In my opinion Jay’s posts are irrelevant to the discussion so I ignore them for most part, but you have a different opinion.
Your judgment of irrelevance is not supported by the evidence. I have described in detail
here and
here how my posts are relevant, and I have supported that description with references to the literature and to your specific posts. You have not responded to those arguments. In contrast you have provided nothing but your say-so to justify ignoring my analysis of your argument. Have you considered the possibility that the audience is also considering the hypothesis that you are making excuses to avoid addressing challenges for reasons such as an inability to understand them or an inability to rehabilitate your criticism in light of them? What evidence do you offer to persuade them otherwise?
Let me remind you of the basis of your argument against PEAR's critics:
There are several objections to this research; I am going to go over them:
1. Incorrect statistical methods were used to analyze the data.
2. The methods of analysis are correct, but the results were interpreted incorrectly
[...]
The first two objections are nonsensical, people who raised them do not know what they are talking about. As a data analyst, I use similar, although not exactly the same, methods to analyze stock market data, manufacturing data, advertisement campaigns data, etc., (I work for a consulting company)
The highlighted portion is a claim to special expertise. You are claiming to be professionally competent in the field of data analysis. You do not specifically define what that means, but you say you are confident that the methods you use are similar enough to the methods used by the authors and critics that you can claim expert understanding. We stipulate in any case that you are making a claim to expertise in both descriptive and inferential statistics.
Earlier you insinuated your expertise was in "mathematical statistics" while your critics at various web forums could be categorically considered not competent in that field. But then you also suggested that one had to be a "mathematician" in order to understand how your arguments refuted Palmer -- insinuating that none of your opponents could be expected to achieve that understanding because none of your opponents was a mathematician. This is problematic because, while you claim a B.S. in applied mathematics, you concede this does not qualify you as a mathematician. Further, you claim academic credentials as an engineer, but you also claim that engineers don't learn the kind of statistics needed to understand your critique of Palmer. It is unclear then upon what foundation you expect your claim of expertise to rest. It remains a collection of contradictory and ill-defined categorical assertions.

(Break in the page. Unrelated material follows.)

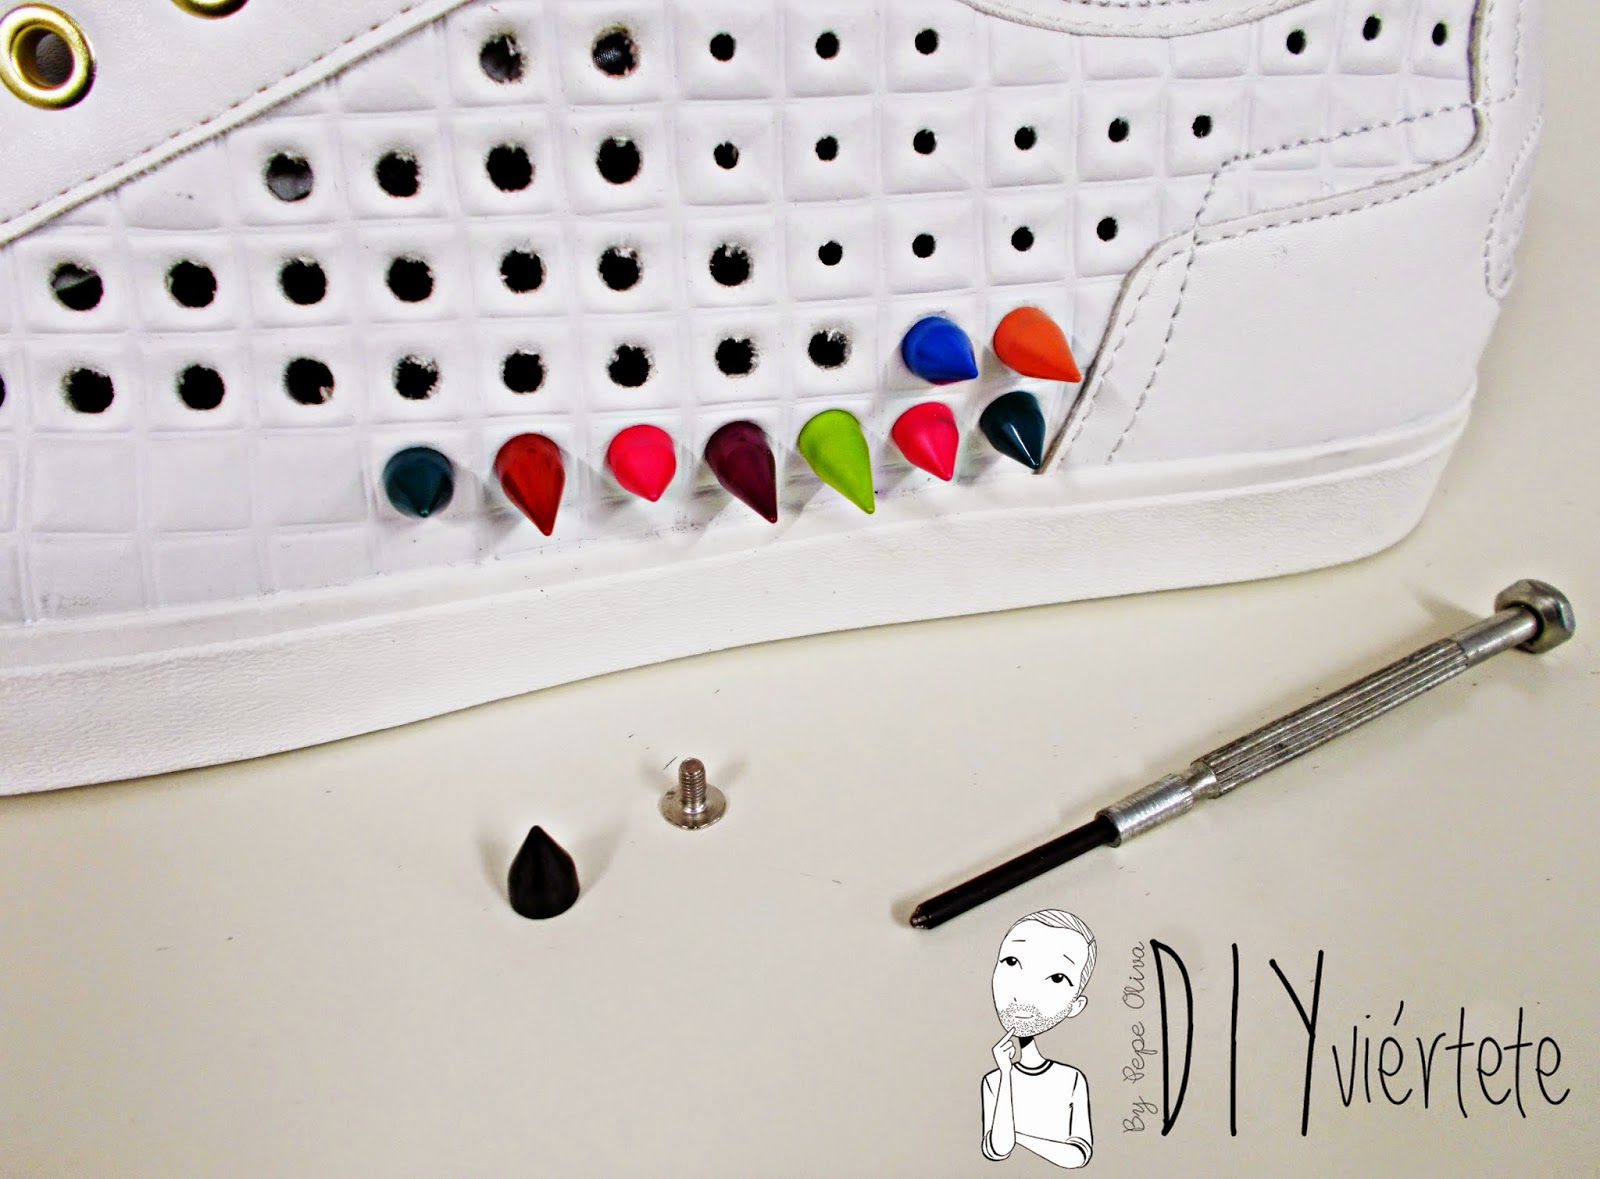 DIY-zapatillas-tunear-customizar-CHRISTIAN-LOUBOUTIN-zapatos-pinchos-esmaltes-pinta uñas-colores-10

This examination is critical because your argument is of the form, "I am an expert in statistics, and as an expert in statistics it is my judgment that Palmer's statistical analysis is incorrect." You have made your claim to expertise a premise in the argument. You have even gone so far as simply to declare "Palmer is not a scientist," or "Palmer is not an expert in statistics" as the sum total of your response to him on any given point. You've treated Jeffers with similar categorical denials. You will note, by the way, that the categorical claims that Palmer is unqualified have been refuted. When your argument consists of little more than your purported expert judgment, then the foundation of expertise becomes really the only basis of refutation. And when this occurs, to do so is not an
ad hominem argument or a personal attack. If you want the premise to stand, you must substantiate your expertise.
It is especially important in this case because we have examples of your previous arguments, which loosely followed the same form: "I am an expert in _____________, and as an expert I can say that my critics do not know what they are talking about." Those threads ended abruptly with your departure, after your critics in them demonstrated not only that they knew the subjects you were discussing, but also that they knew them better than you. Given that history, it seems prudent not to take any more of your claims to expertise at face value when they are made the premise of your argument. Hence we are testing your expertise. I can only imagine how an audience might regard such reluctance to have a premise tested.
Now you may say that your argument is not pure
ipse dixit, not based on simple declarations of intellectual superiority, and have been documented all along the way with external references -- which, by the way, you demand that your opponents also provide before you will listen to them. We covered this already; your external references fall into a number of impotent categories. First, in some cases you provide such documented presentations only after one your opponents raises a topic. Then your presentation is little more than undirected and unneeded didactics. What meaning should an audience take away from the timing? Second, in some cases your reference merely defines or mentions a concept that appears in your argument and does not in the least support the argument you have made from it. It is as if your argument is, "See, this is a real concept, therefore what I say about it must be true." This is what happened when you tried to defend your home-grown concept of randomness (i.e., to preclude excising points from a data set). You merely linked to the Wikipedia article and ignored the argument your opponents drew up using that information to show that data
must be excisable by the very nature of randomness. In short, you can't show that you understand the references you link to. That leads us to a third category: in some cases you cherry-pick items from a source while ignoring that the context firmly refutes what you plan to use that reference for. This was the case when you tried to document the proper use of the t-test. And finally, when you run across something like your discovery of the power transform, you try to interject it into aspects of the discussion where it clearly doesn't belong.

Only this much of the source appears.